I'm thinking of getting an anti-slip mat to put in front of my table saw for added safety. I see a lot of anti-fatigue mats for sale on woodworking sites, but not so much anti-slip mats.

So, a couple of questions:

1. Any reason not to get an anti-slip mat to put in front of the table saw? 
2. And, if not, would an anti-fatigue mat also work as an anti-slip mat?
3. Alternatively, has anyone used an anti-slip mat they would recommend?

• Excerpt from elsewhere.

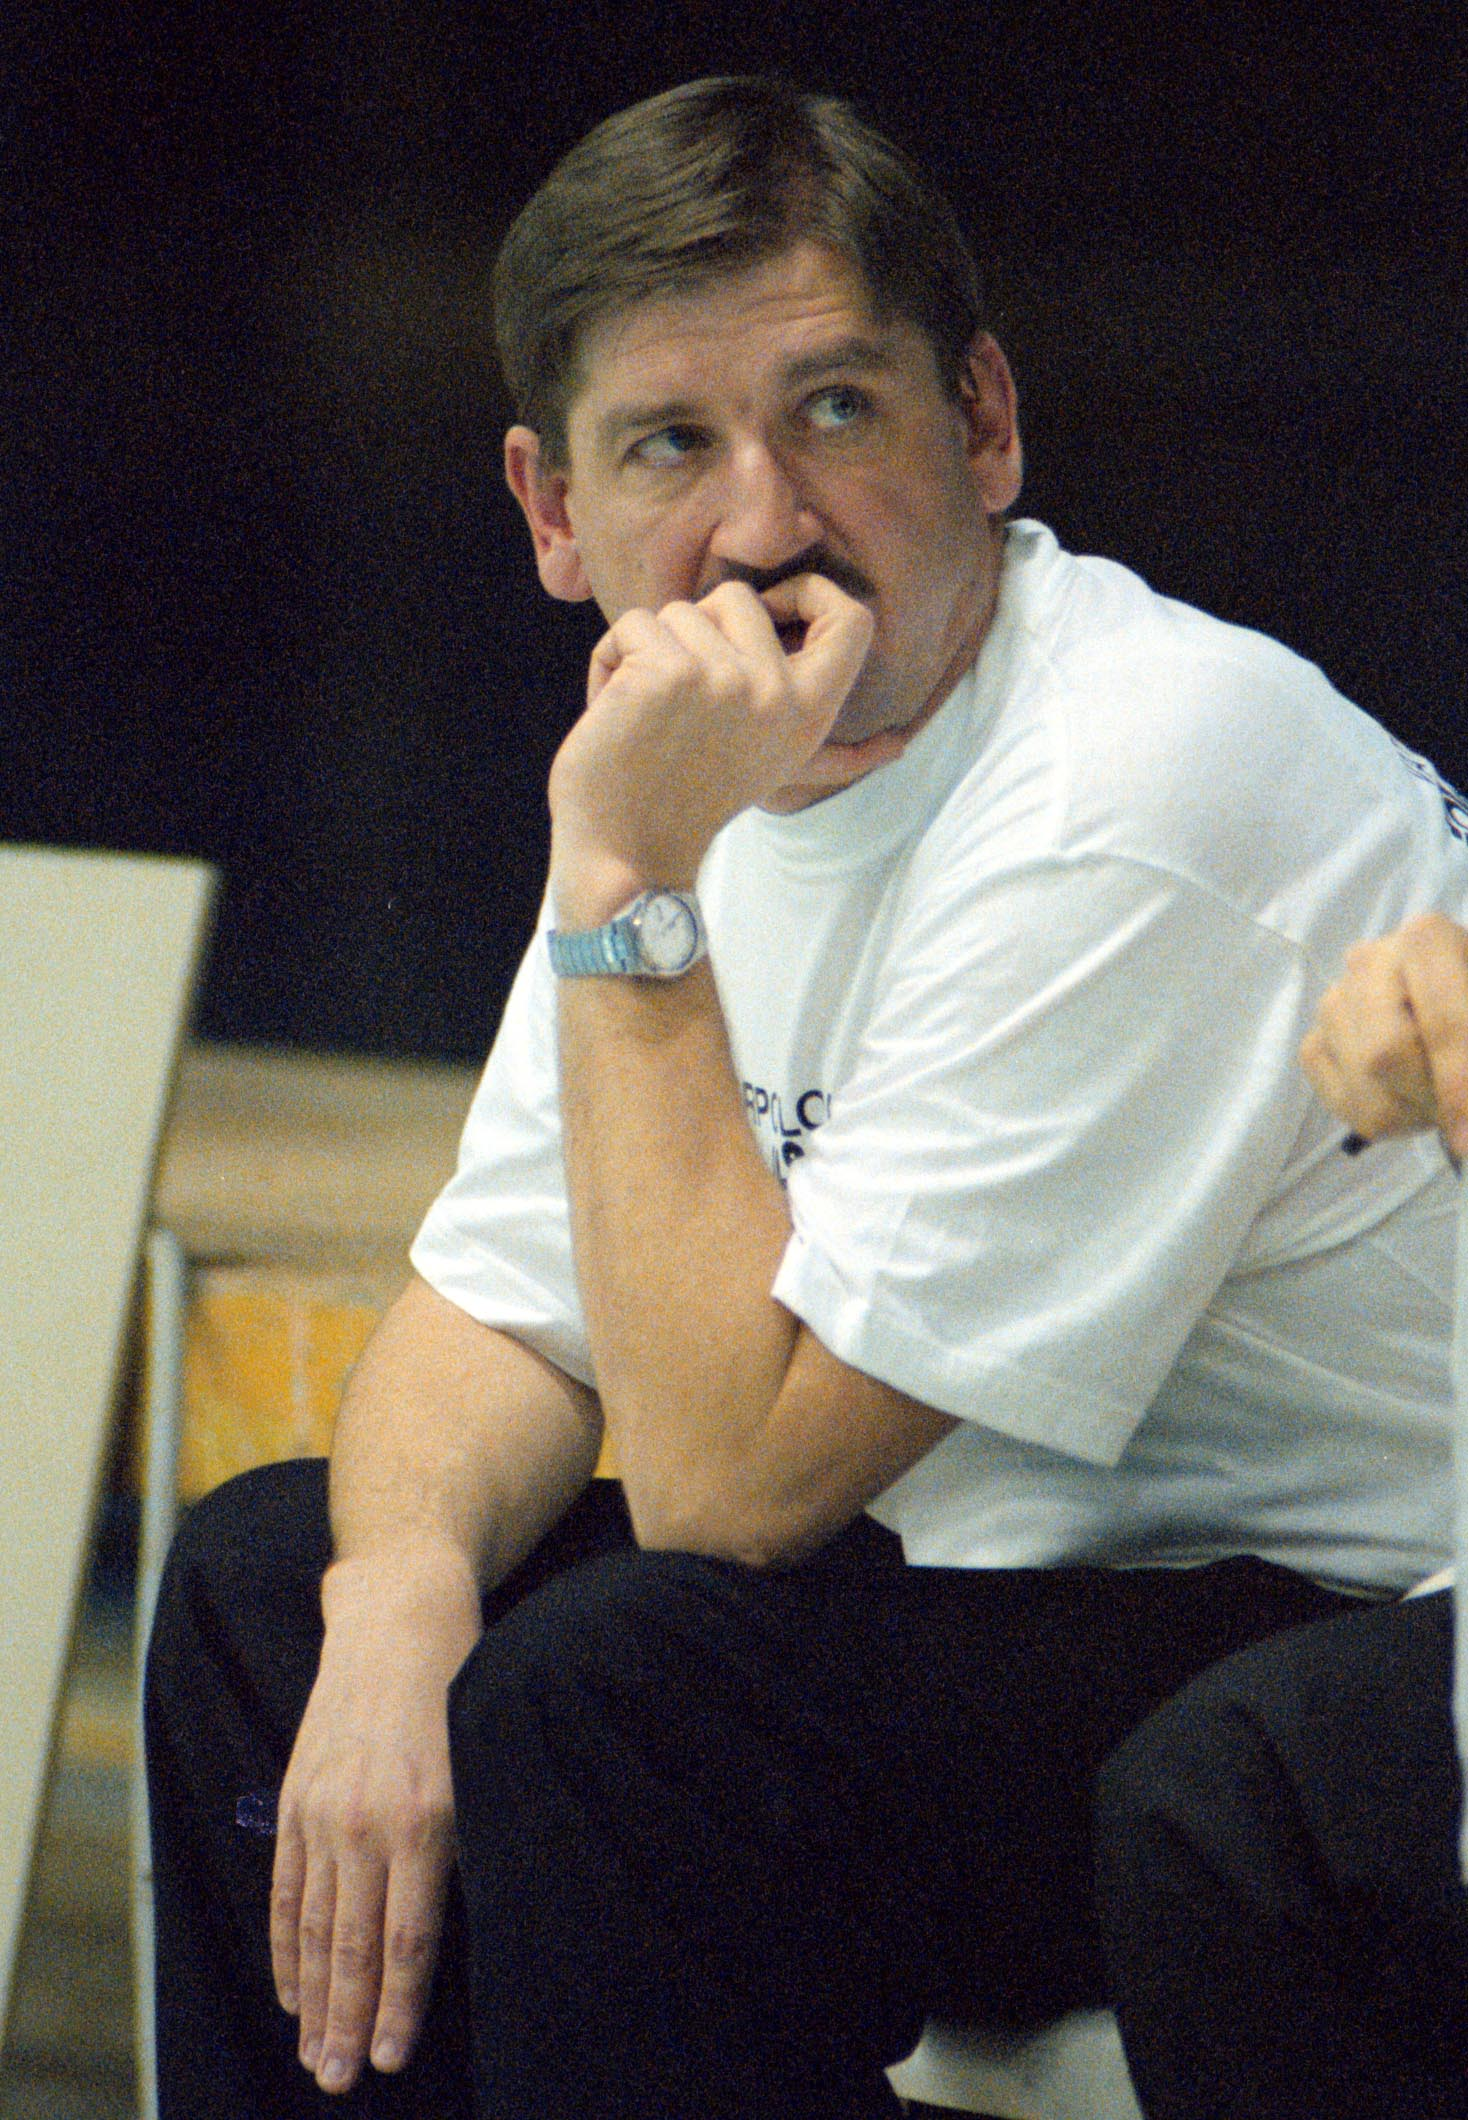 2000. (12.02.) Nenad Manojlovic, trener vaterpolista Partizana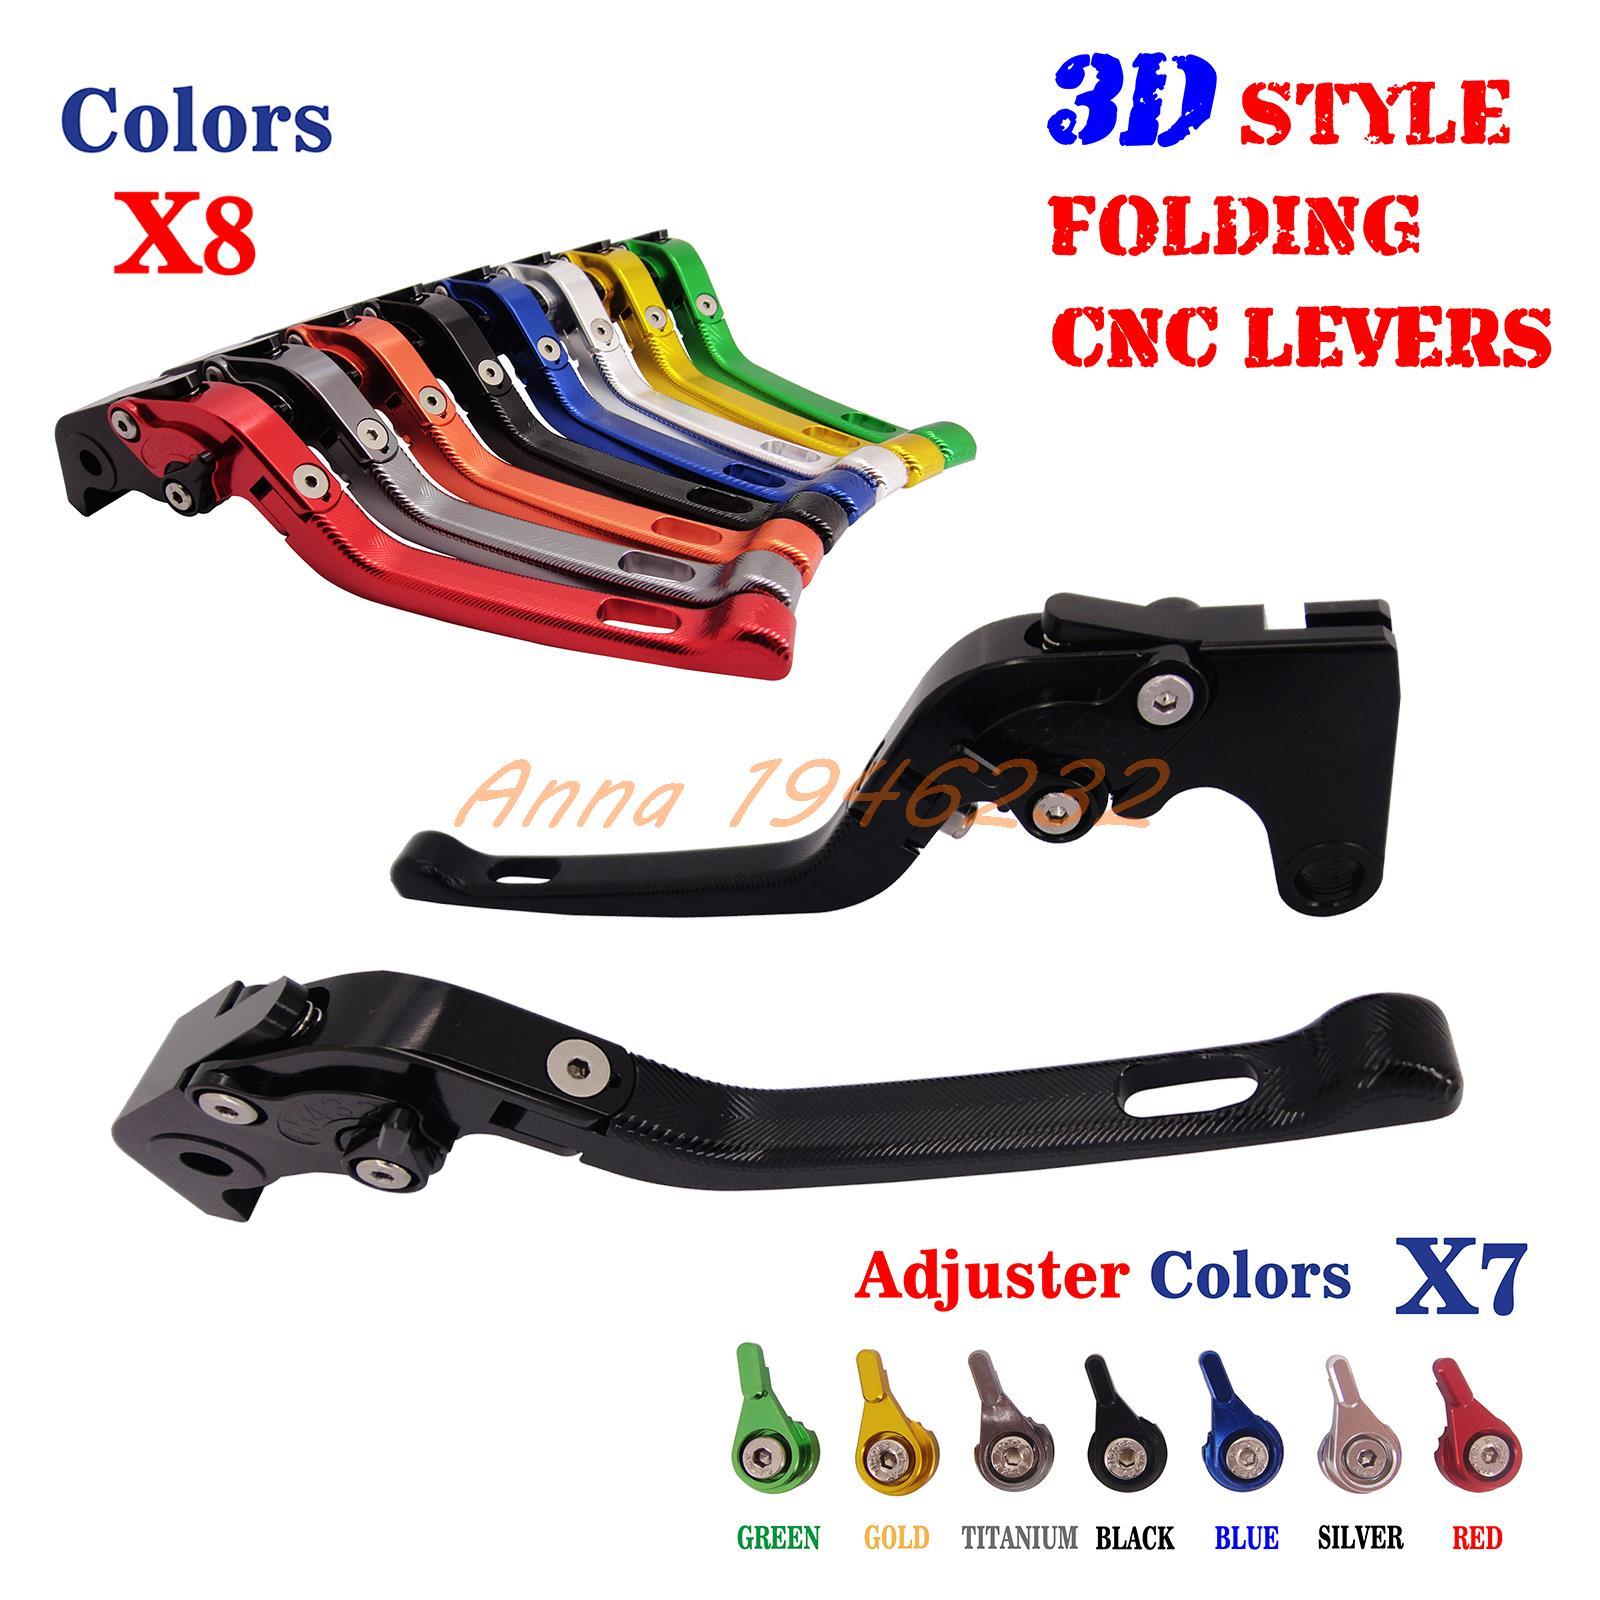 CNC 3D Style Folding Adjustable Brake Clutch Lever For Yamaha XJR400 1993-2007 FZ400 1997 FZS600 Fazer 1998-2003FZS 600 NEW 04 05 06 07 08 09 10 11 12 13 14 new cnc short straight adjustable brake clutch lever for yamaha majesty 400 t max 500 t max 530

This question probably falls under the heading of "minor things I should just figure out on my own", but thought I'd see if anyone has any thoughts.

Thanks!


----------



## AAL (Jun 30, 2014)

I have my TS on casters which allows me to re-position it as necessary, so to have a matt would be more troublesome than it's worth. Instead I prefer to wear shoe/sneakers that have good slip-resistant traction which allows me to have good traction at each work station, not just the TS.


----------



## WhyMe (Feb 15, 2014)

I bought a couple used Yoga mats at Goodwill and they work very well. One at table saw and one at bench. Main reason I use them is to help take the edge off of standing on concrete. They are 24" X 72" X 1/2" mats and paid $7 for each.


----------



## Bobsboxes (Feb 8, 2011)

I have 4 from Grizzly, the ones with holes in them, they make the concrete comfortable. Also the added traction, because the sawdust goes into the holes and not slippery like sawdust on concrete.


----------



## wapakfred (Jul 29, 2011)

It might be a trip hazard, depending on design, but think it's a good idea in general.


----------



## LesB (Dec 21, 2008)

I have some in my shop which has a cement floor.. They are heavy and about 3/4" thick. I use them primarily in places where I stand in one place for long periods like my wood lathe or work bench. They do give traction but I'm more concerned about cushioning for my feet and back. 
They also can be a bit of a hassle to move around when cleaning up and the rolling shop vac hangs up on them as I move it around the shop. 
If traction is a problem in your situation I would consider adding adhesive backed non skid strips like those used on stairs and walkways. You can buy it in various widths and lengths.


----------



## Lazyman (Aug 8, 2014)

I've got some anti fatigue mats around my bench but not at the table saw. Seems like you might be exchanging a minor slip hazard for a minor trip hazard? If the floor is actually slippery, I wonder if it would be better to texture or etch the floor instead?


----------



## John_ (Sep 23, 2013)

I bought one from Costco ($35) and liked it to so well I ended up buying 4 more. It has circular holes that go all the way through so saw dust and other debris doesn't end up piling up on the surface. And they are easy to clean - just pick it up, sweep the floor and shake the matt off outside

https://www.costco.com/Crown-Safewalk-Light-Heavy-Duty-Anti-Fatigue-Mat%2C-Rubber%2C-36-inch-x-60-inch%2C-Black-CWN-WSCT35BK.product.11519332.html?pageSize=96&catalogId=10701&dept=All&langId=-1&keyword=500377&storeId=10301


----------



## Lenny (Sep 28, 2008)

1. Make sure it is large enough that it isn't a potential trip hazard. You don't want to catch an edge while operating your saw.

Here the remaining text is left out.